The breach is thought to have began around October 21, 2012 and the attackers maintained access to systems through March 20, 2014 and affects as many as 34 of the chain’s stores, and the company may have become aware of the intrusion only after being alerted by banks and credit card companies of affected customers.
“This was a very sophisticated attack by a hacker or hackers who went to great lengths to cover their tracks,” Spec’s spokeswoman Jenifer Sarver said. “It took professional forensics investigators considerable time to find and understand the problem then make recommendations for Spec’s to fully address and fix them.”
Disclosure of the breach was apparently delayed at the request of federal investigators who were collecting evidence and trying to trace the attackers, but questions remain as to why it took so ling for the company to detect the compromise and why the forensic examination was so lengthy.

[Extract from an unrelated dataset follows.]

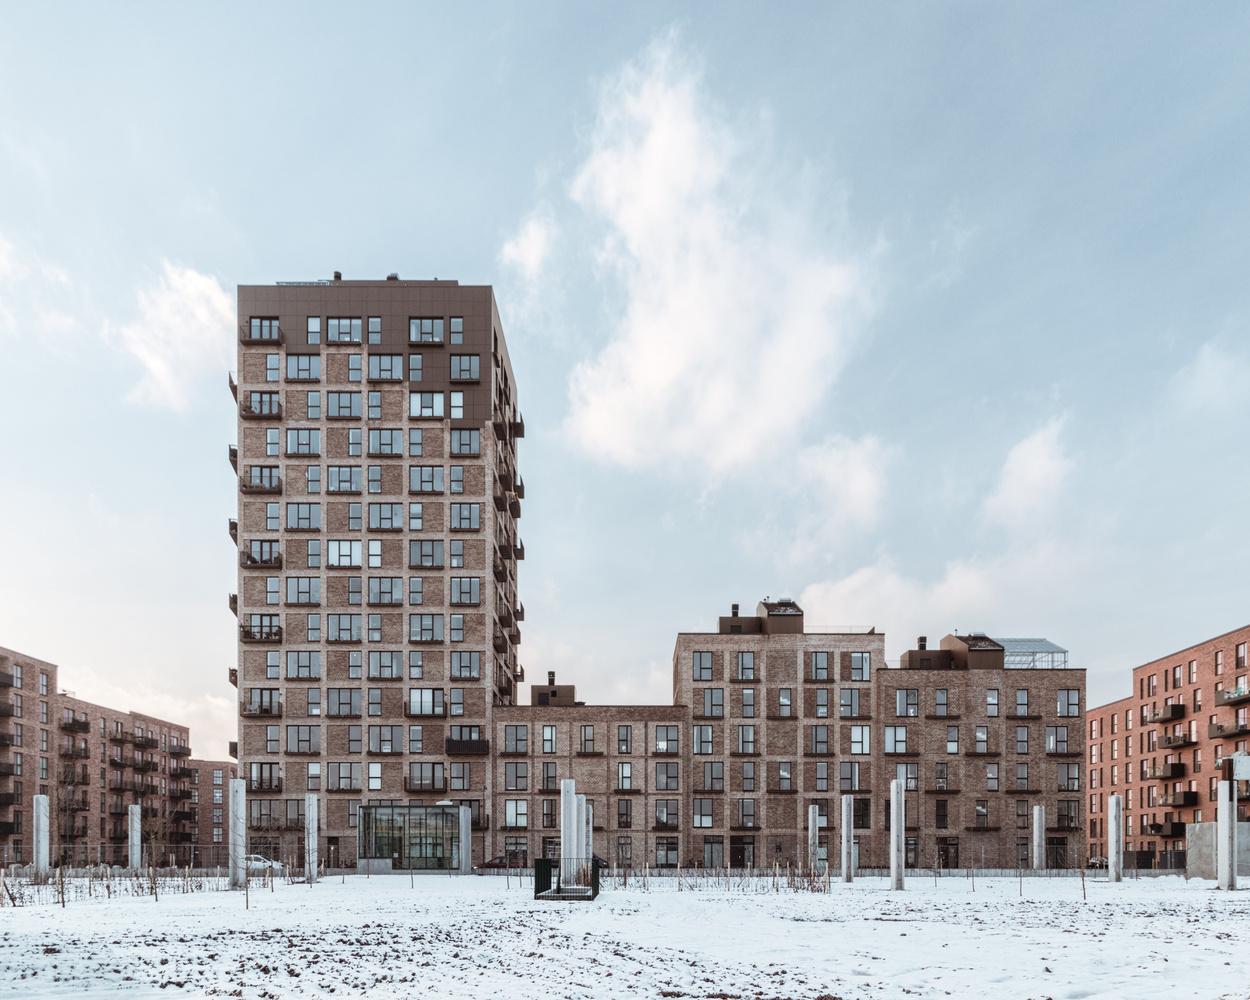 Amaryllis House 1 by Kristian Lildholdt Hansen

“I’m surprised the investigation went on so long without them discovering the root problem,” said Tim Erlin, Tripwire’s director of IT risk strategy at data security, who also noted that the breach period “was exceptionally long” and that the company’s security efforts “were clearly ineffective or inadequate.”
“The issue has been resolved and data is no longer being obtained,” Sarver said, adding that the company replaced point of sale systems and “disabled and removed malware that was illegally placed on the computer systems.”